Он остановился возле заключенной с поломанным пальцем руки, приказал снять грязный бинт, взглянув мельком, кратко сказал сестре:
— На выписку.
Посмотрев истощенную женщину с сильно отечными ногами, буркнул:
— Беткарту.
О больной, лежавшей в жару, спросил сестру:
— Давно?
— Около месяца.
— Что?
— Крупозное воспаление легких.
— На укол.
Санитарки поволокли женщину в «процедурный кабинет». Вскоре оттуда раздался нечеловеческий крик, и Оля увидела, как больную отнесли во двор, к штабелю с труппами. А позже, теперь она знала, Вайгерер запишет в карточку: «Сердечная слабость».
…Все дни, когда Вайгерер делал Толику какие-то уколы и надрезы, Оля была в тревоге. Сначала, правда, мелькнула мысль: «Лучше бы он умер», но она тут же обвинила себя в подлости и жестокости. Ведь маленький был ее частицей и мукой. Наконец доктор разрешил Скворцовой возвратиться с ребенком в барак. Хотя в ревире Оле было легче работать, чем в других местах, она была рада вырваться отсюда.
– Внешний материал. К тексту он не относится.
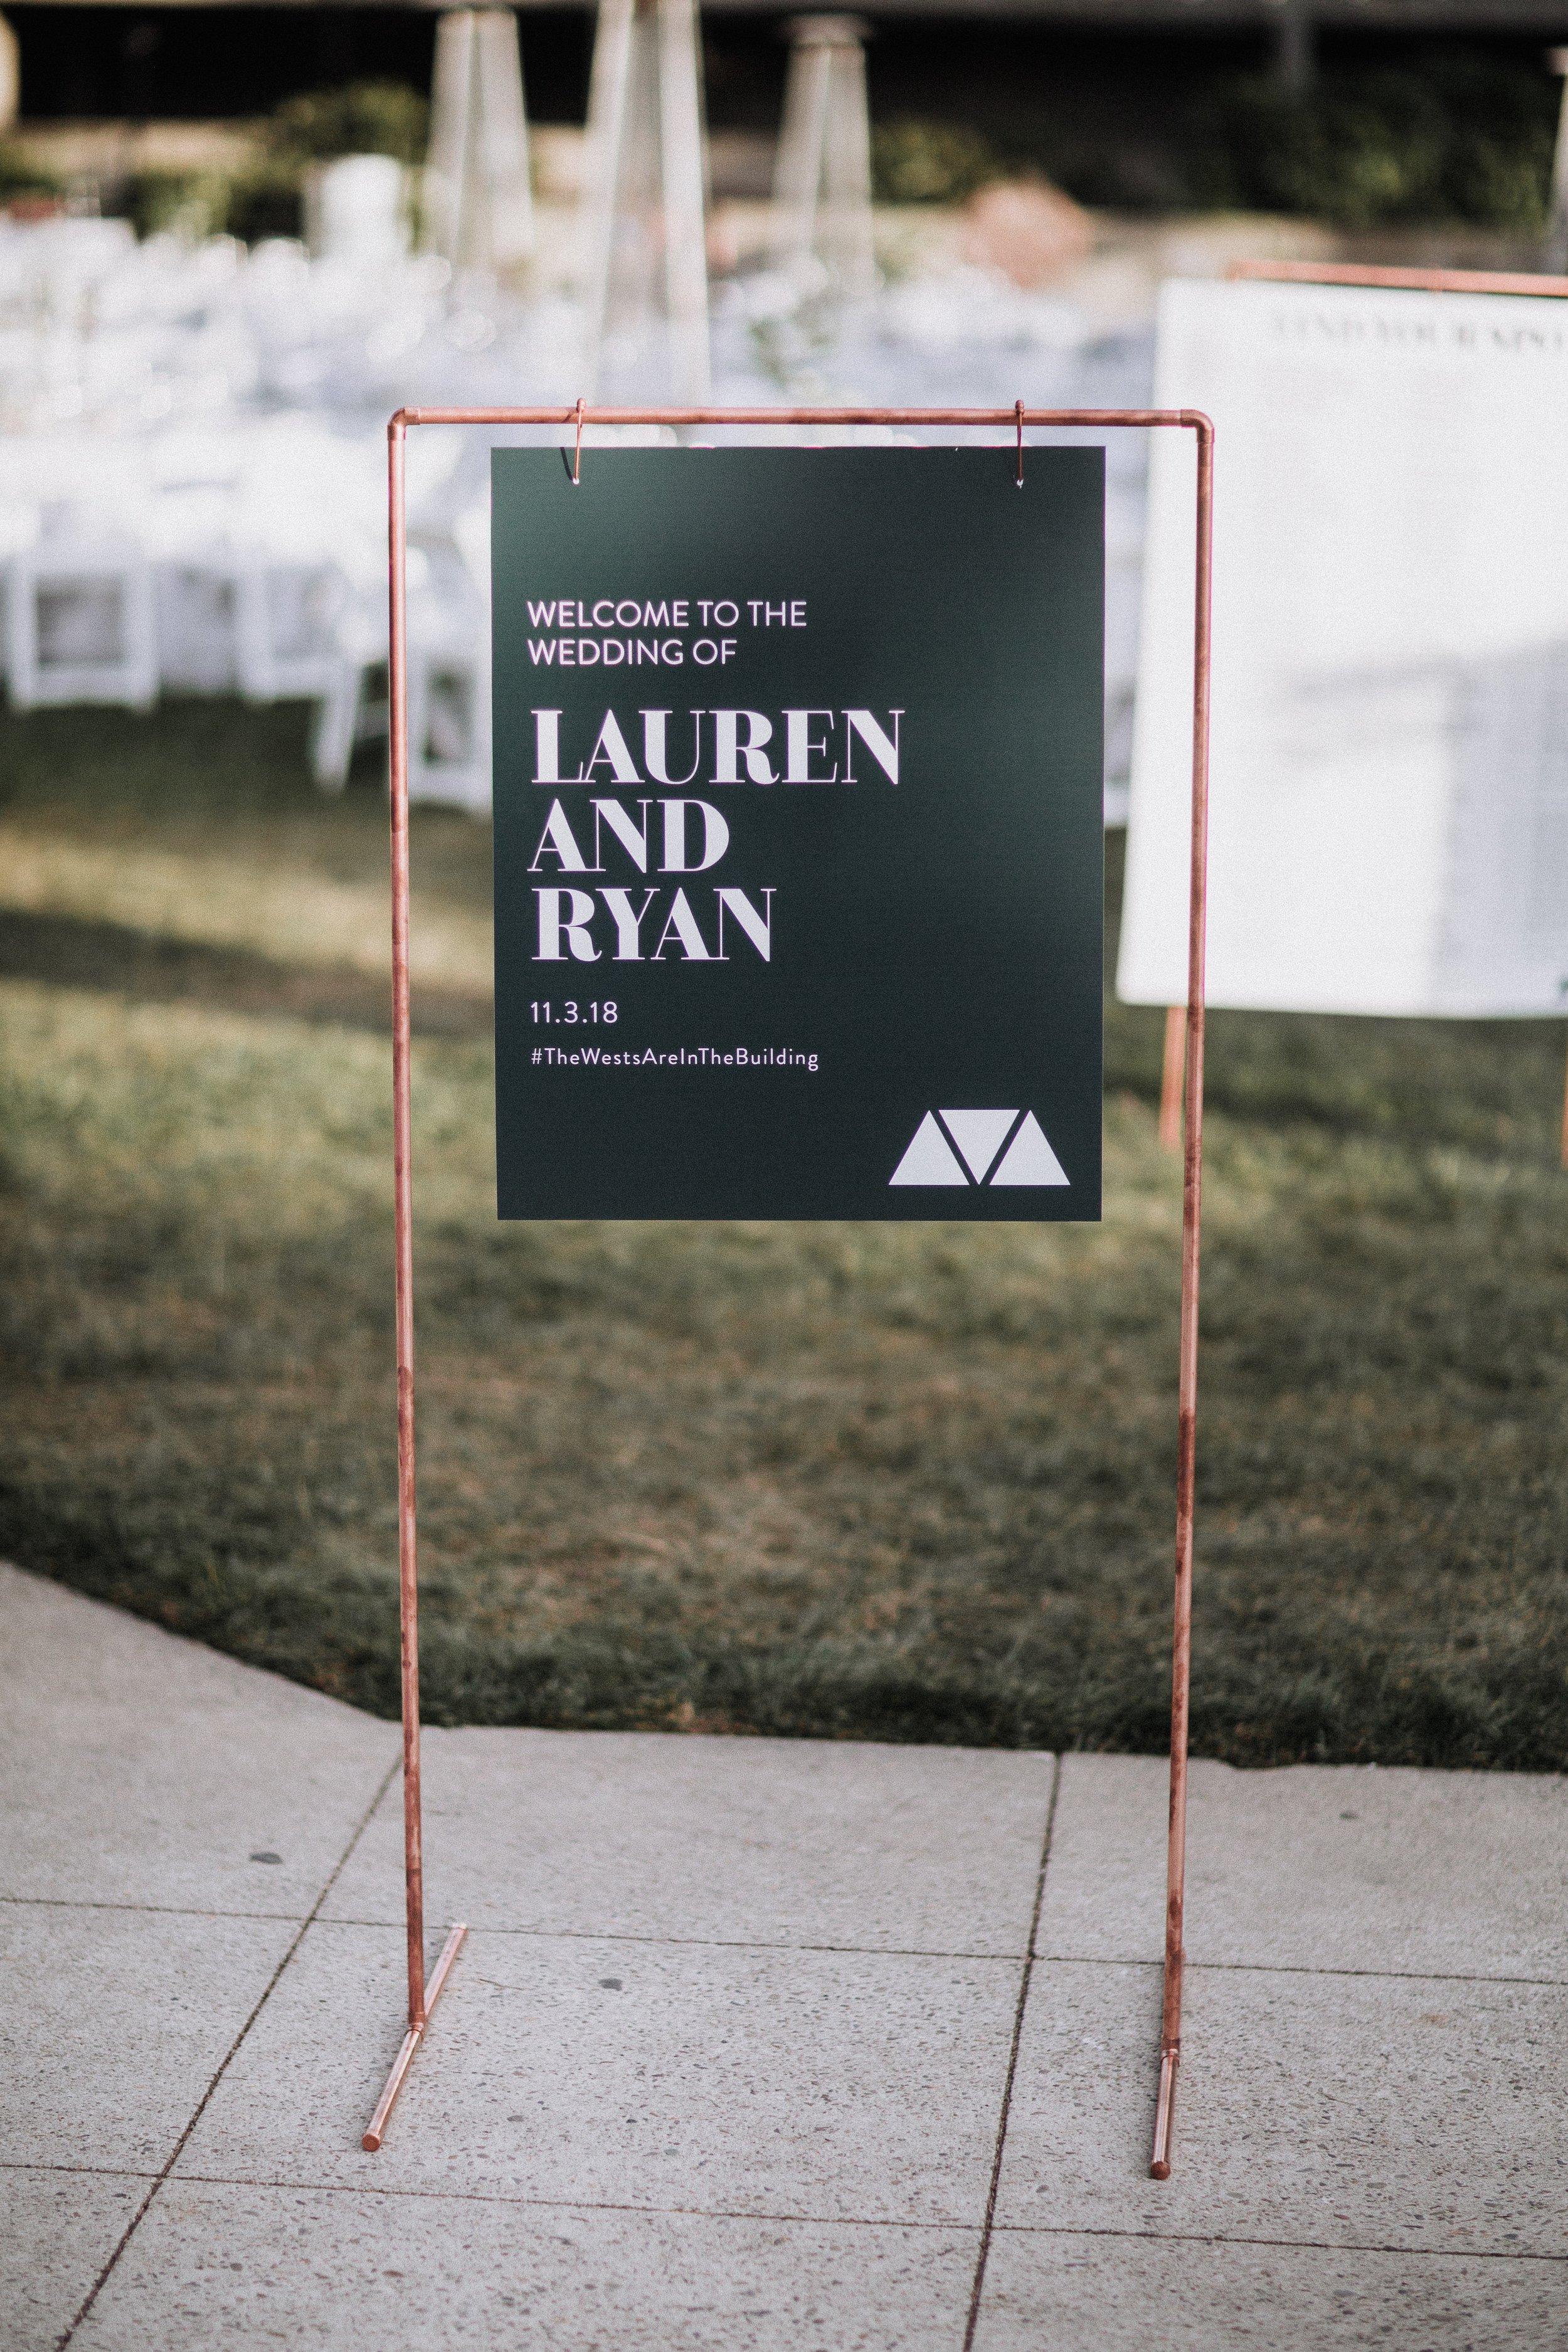 Lauren And Ryan Welcome To The Wedding Oakland Museum of California KLdc

— Ну что, не успел загубить твоего, отпустил? — спросила пробравшаяся в детский блок Галя, мрачно глядя на Скворцову остановившимися, пасмурными глазами.
— Отпустил, — тихо ответила Оля.
— А я все вижу во сне свою Нюшу, — с болью призналась Галя, — шейка у нее молоком пахнет.
Чей-то негромкий, печальный голос запел в бараке:
Прощай, родной, забудь о русых косах, Они мертвы, им больше не расти. Забудь калину, на калине росы, Забудь про все, но только отомсти. Пусть не убьют меня, а искалечат, Пусть доживу до радостного дня, Но и тогда не выходи навстречу, Ты не узнаешь все равно меня.Невольные слезы потекли по щекам Оли. Но в это время появилась оживленная Ядвига, обняла Олю, сунула ей, для Толика, морковку, рваную рубашку на пеленки и объявила:
— Хорошая новость! — глаза ее возбужденно блестели. — Будешь со мной в прачечной арбайтен… Завтра… И мальца бери…
Оля приободрилась. Все же работать под крышей легче, чем на ветру, и мальчишка рядом. Можно будет искупать его, да и себя в чистоте содержать.
…Длинный прачечный блок стоял на отшибе лагерного двора. В одной половине барака рядами выстроились широкие котлы, а возле них горами навалено грязное белье, гнойные бинты, одежда заключенных, убитых, умерших и отдельно — эсэсовцев.